対策は「小さくして残す」ことに尽きます。具体的には、次の3段階を最初から決めておきます。

  • 通常の週 ― 上の①②③をフルで回す(週150分)
  • 忙しい週 ― ②を1回に減らす。①③はそのまま(週90分程度)
  • 試験直前・体調不良の週1日10分の速歩きだけ。これだけは切らない

最後の10分は運動としてはほとんど無意味な量ですが、目的が違います。「自分は運動をやめていない」という自己認識を切らさないためのものです。ゼロの日が3日続くと、私の場合は再開に2週間かかります。10分でも続いていれば、翌週に元の型へ戻るのは驚くほど簡単です。

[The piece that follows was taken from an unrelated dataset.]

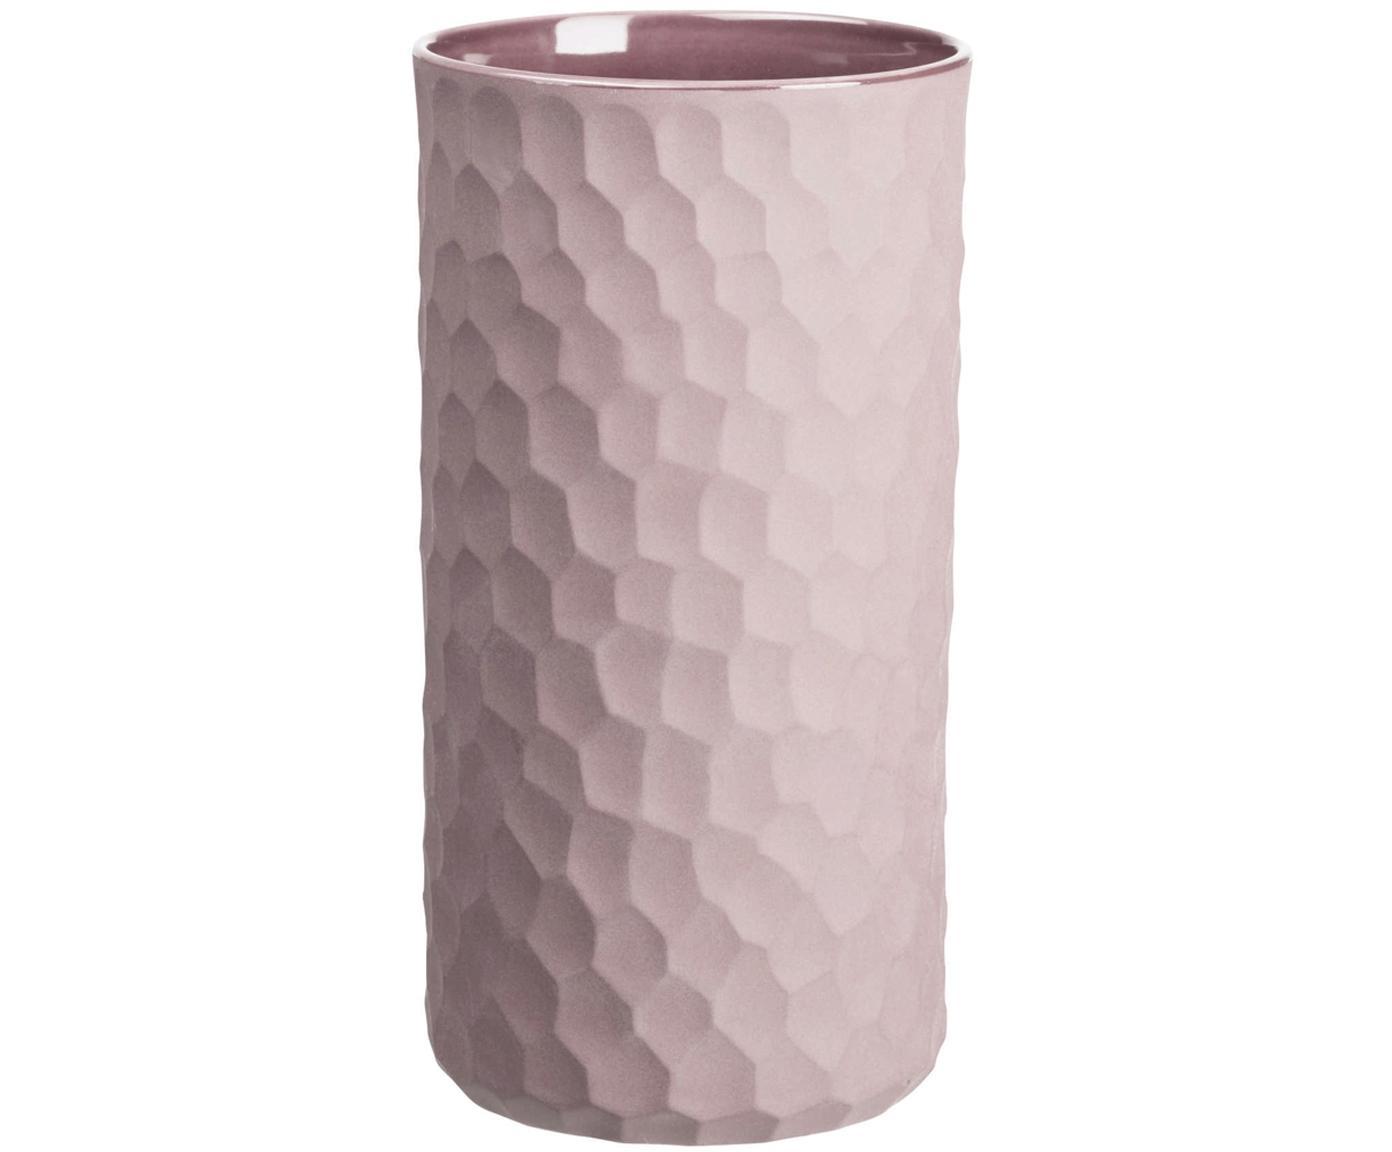 Vase Power aus Steingut, Steingut, Puderrosa, Ø 12 x H 24 cm

もう一つ効いたのが、できなかった日の記録を残さないことです。カレンダーに×を付ける方式は、忙しい時期に×が並んで自己嫌悪の材料になります。私は「やった日だけ○」を付ける方式に変えました。空白は失敗ではなく、単に何もない日です。

運動は、勉強時間を削って行うものではなく、同じ勉強時間の中身を濃くするためのものだと考えています。だから忙しいときほど切ってはいけない。これが、何度も習慣を壊した私が最終的にたどり着いた結論です。

よくある質問

走るのが苦手です。歩くだけでも意味はありますか?

あります。この記事で「中くらいの強度」と呼んでいるのは、速歩きで十分に届く範囲です。走ることが目的ではなく、息が少し上がる状態を一定時間続けることが目的なので、坂道や階段を混ぜた速歩きで問題ありません。膝や足首に不安があるなら、むしろ走らないほうが長く続きます。

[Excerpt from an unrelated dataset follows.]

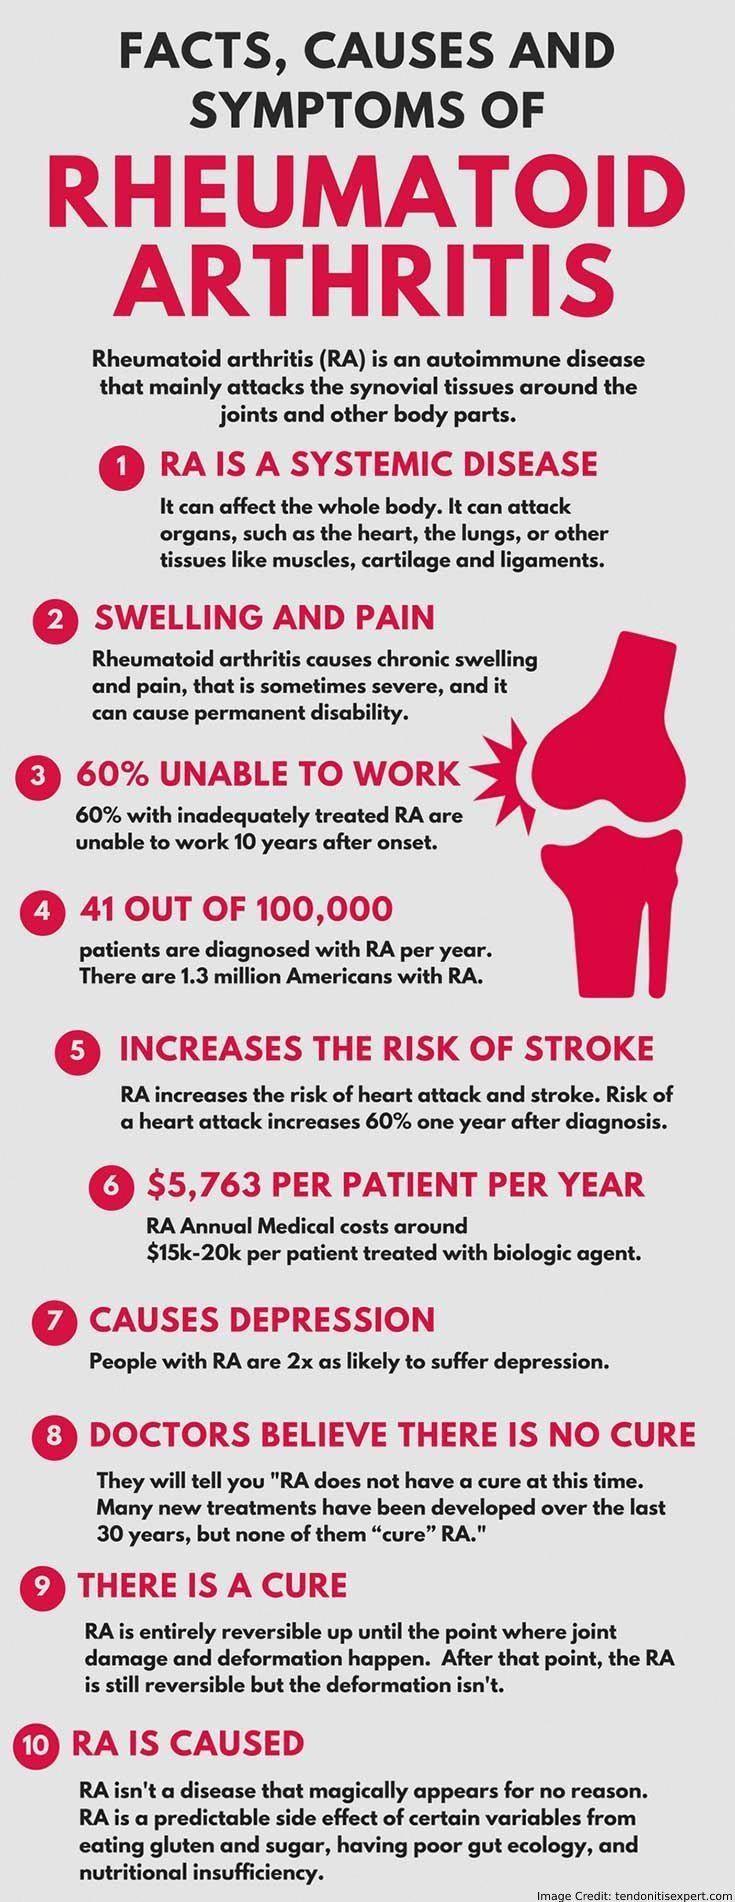 bf5f1f42fbed015f5df9610623b03901 - How Long Does It Take To Get Over Reactive Arthritis

筋トレと有酸素を同じ日にやるなら、順番はどちらが先ですか?

その日の目的によります。筋トレを主役にする日は筋トレを先に(疲れた状態で高重量を扱うのは危険なため)、勉強を主役にする日は有酸素を先にして、そのまま机に向かうのが私のやり方です。同じ日に両方フルでやる必要はなく、片方を「軽く」にするだけで扱いやすくなります。

朝と昼と夜、どの時間帯が一番いいですか?

「続けられる時間帯」が一番です。そのうえで私が優先しているのは昼前で、理由は運動後に丸ごと午後が残るからです。朝が得意な人は朝でよいですし、夜しか無理なら夜で構いません。ただし就寝の3時間前より後に強めの運動を入れると寝つきが悪くなる人がいるので、その場合は速歩きに落としてください。

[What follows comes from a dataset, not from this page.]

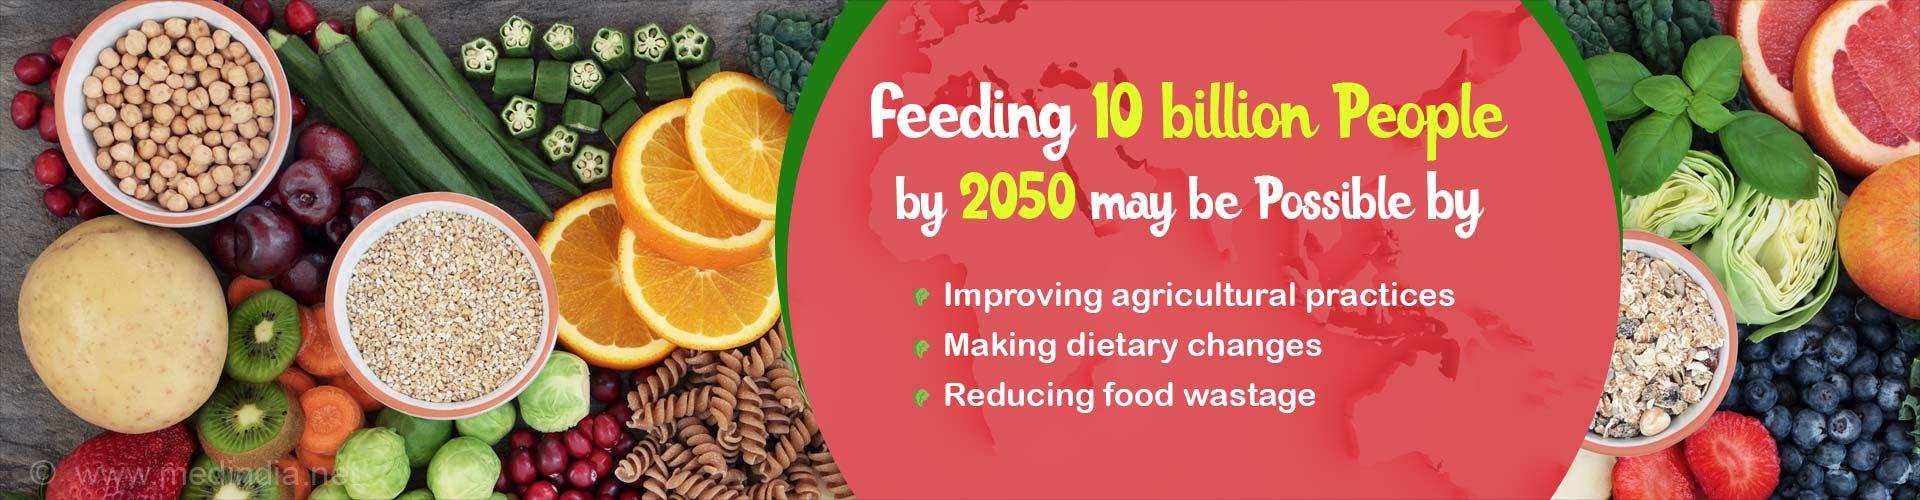 Feeding 10 Billion People by 2050: Is It be Possible?

週150分をこなせない週が続いています。減らすなら何から削るべきですか?

削るのは単独で取る枠(②)からです。移動に混ぜる枠(①)とすき間の枠(③)は、そもそも新しい時間を必要としないので、忙しさの影響を受けにくく、最後まで残せます。逆に①③まで消えているときは、運動ではなく生活そのものが破綻しかけているサインだと考えて、睡眠を先に立て直したほうがよいと思います。

運動した日のほうが疲れて勉強できない気がします。

強度が高すぎる可能性が高いです。「短い文なら話せる」を超えていないか確認してみてください。それでも疲れが残る場合は、睡眠か食事が足りていないことが多いです。運動は不足しているものを埋めてはくれないので、その順番で見直すほうが早いと思います。

まとめ

  • 有酸素の見返りは「将来の健康」ではなくその日の午後の集中力
  • 筋トレは勉強の後、有酸素は勉強の前。返ってくるタイミングが違う
  • 強度は心拍数ではなく「短い文なら話せるか」で判定する
  • 週150分は①移動に混ぜる ②単独で取る ③すき間、の3枠に割る
  • 忙しい週も1日10分だけは残す。ゼロにすると再開に2週間かかる

有酸素運動を「時間を奪うもの」と考えている限り、忙しい時期には必ず切られます。けれど実際には、同じ勉強時間の中身を濃くするための投資であり、しかも当日中に返ってくる投資です。まずは移動を速歩きに変えるところから、1週間だけ試してみてください。午後の粘りに違いを感じたなら、その先の設計は自然と続きます。

※ 本記事は医学生である筆者個人の経験と実践をまとめたものであり、医学的助言ではありません。持病のある方、関節や心肺に不安のある方、妊娠中の方などは、運動の内容と強度について必ず主治医にご相談ください。運動中に胸痛・強い息切れ・めまいなどが生じた場合は直ちに中止してください。